# how seasoned is seasoned enough?



## rbnice1 (Jun 11, 2022)

I keep wood for a wood stove.  My wood is on a 3 years rotation.  That means my wood i get delivered this spring is for winter 2024.  I ussually get ash because it seasons well and lasts 3 years very well.  Also for my stove/house it just works well.  Plus my wood guy likes it because most his other customers are using wood for fire pits and fire places and unless its wet oak it burns to fast.  So its a win/win for me and him.  I do have some oak but its a bit punky, and I also had him deliver a extra face cord of hickory for the smoker this spring.  I feel like a face cord will last at least 2 years.(I dont cook at much.)  I can also mix some of my good ash in.  flavor will be light but the wood is good.

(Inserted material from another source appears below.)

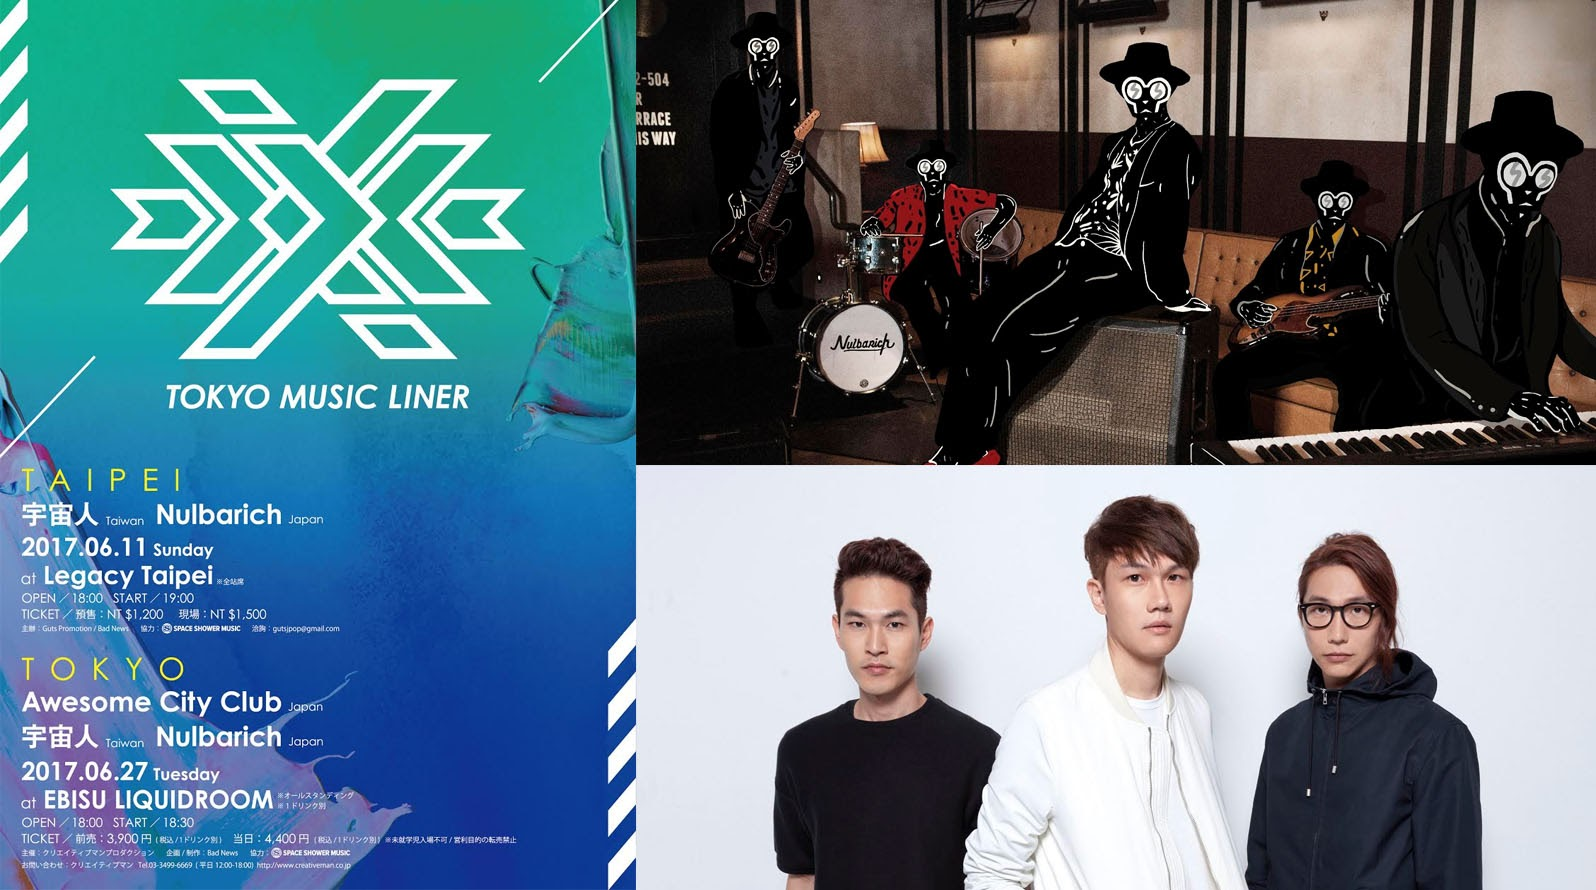 LIVE定期航班「TOKYO MUSIC LINER」宣告正式啟航! Nulbarich和宇宙人6月11日台北Legacy攜手共演

So the question is how seasoned is good enough for a offset?  again im used to my stove which is ok with 1 year on ash/silver or red maple, but needs 2-3 on oaks or hickory.  I would think for grilling you want similar but others have told me different.


----------



## 1MoreFord (Jun 12, 2022)

With any wood I like to hear a crack(ringing sound) like two bats struck together when the wood is struck together.  I don't know how long that will take wherever you are.  A dull thud sound means it's still too wet.  Check(splits) on the end of the sticks is a good indicator too.  Wood dry enough for cooking will also be noticeably lighter in weight.


----------



## Ringer (Jun 12, 2022)

I spoke with a prominent pitmaster who owns a bbq restaurant in NC on a pit tour last year. He used pecan exclusively but I do remember he said it was seasoned one year before he burns it. His bbq was good though.


----------